Output the data below exactly, without images.
====== DATA BELOW
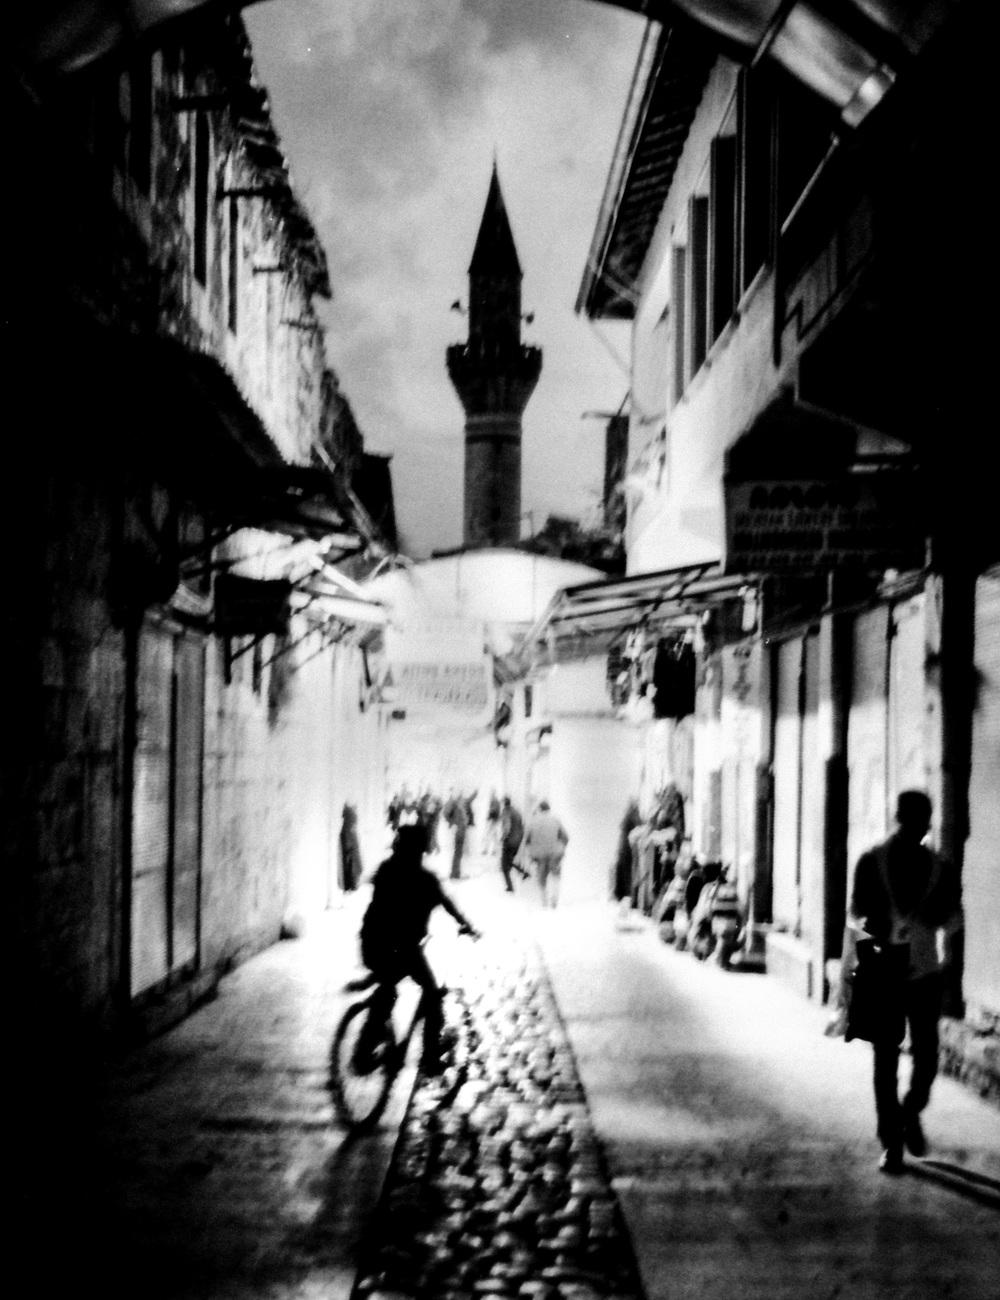 Old city, HATAY
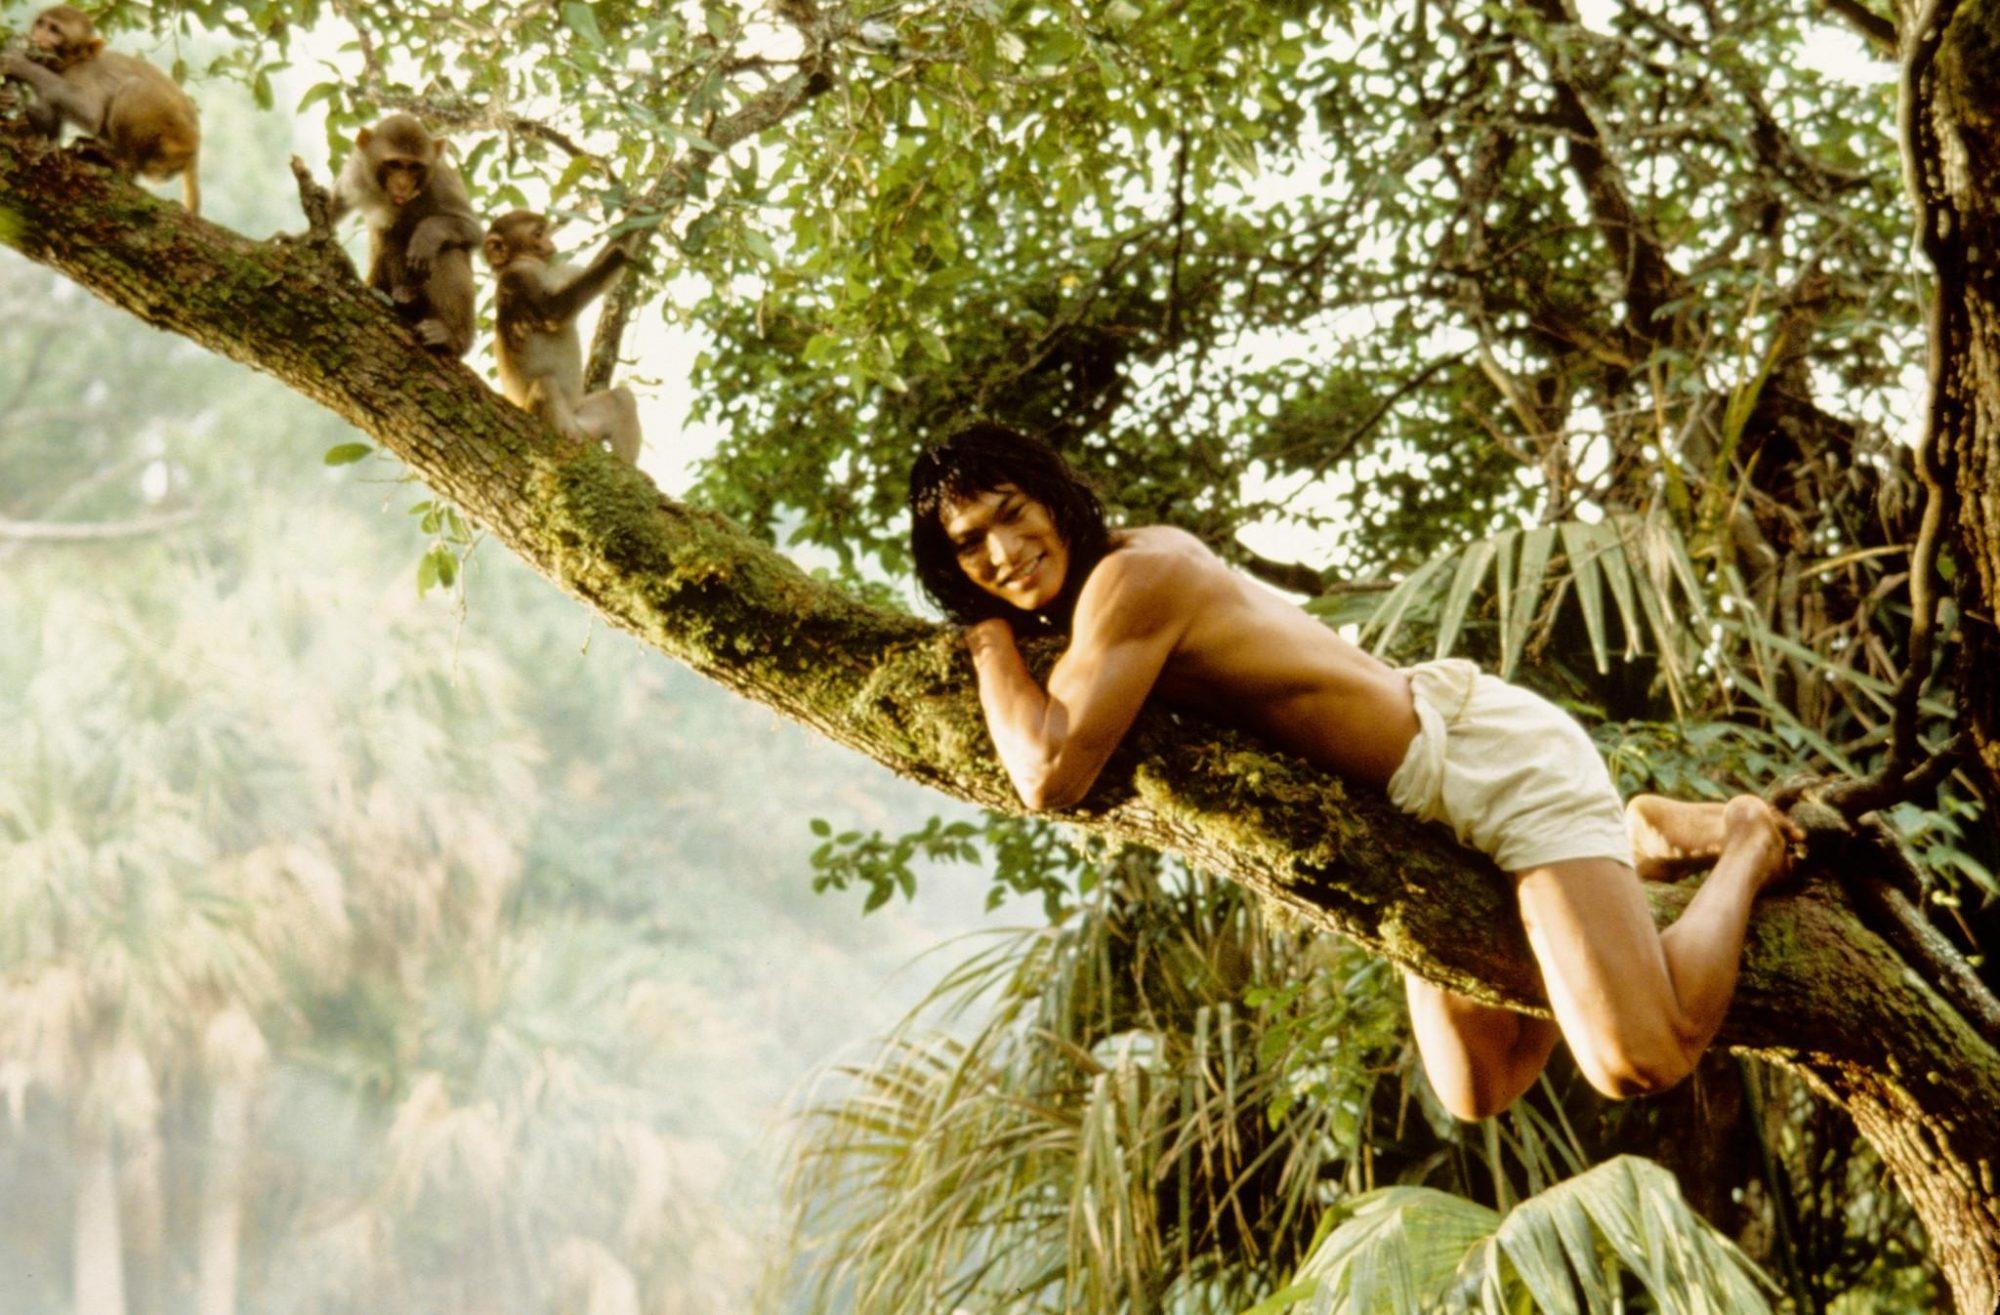 The-Jungle-Book-1994-image-the-jungle-book-1994-36224201-2048-1347.jpg
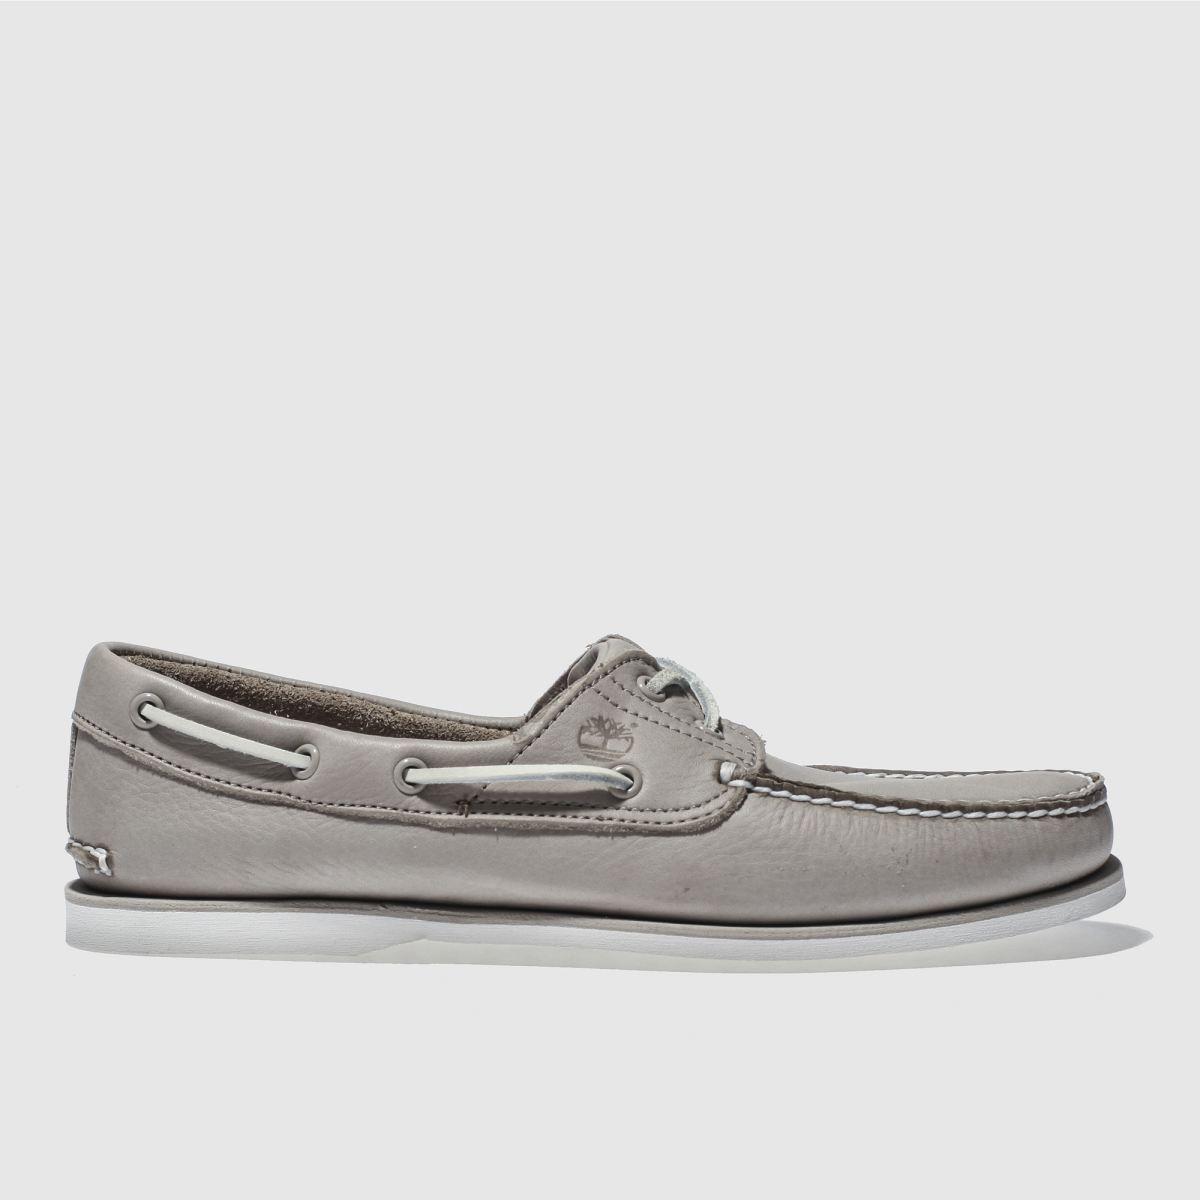 Timberland Light Grey Classic Boat 2 Eye Shoes
============
# RESPONSE BELOW
 Old city, HATAY
 The-Jungle-Book-1994-image-the-jungle-book-1994-36224201-2048-1347.jpg
 Timberland Light Grey Classic Boat 2 Eye Shoes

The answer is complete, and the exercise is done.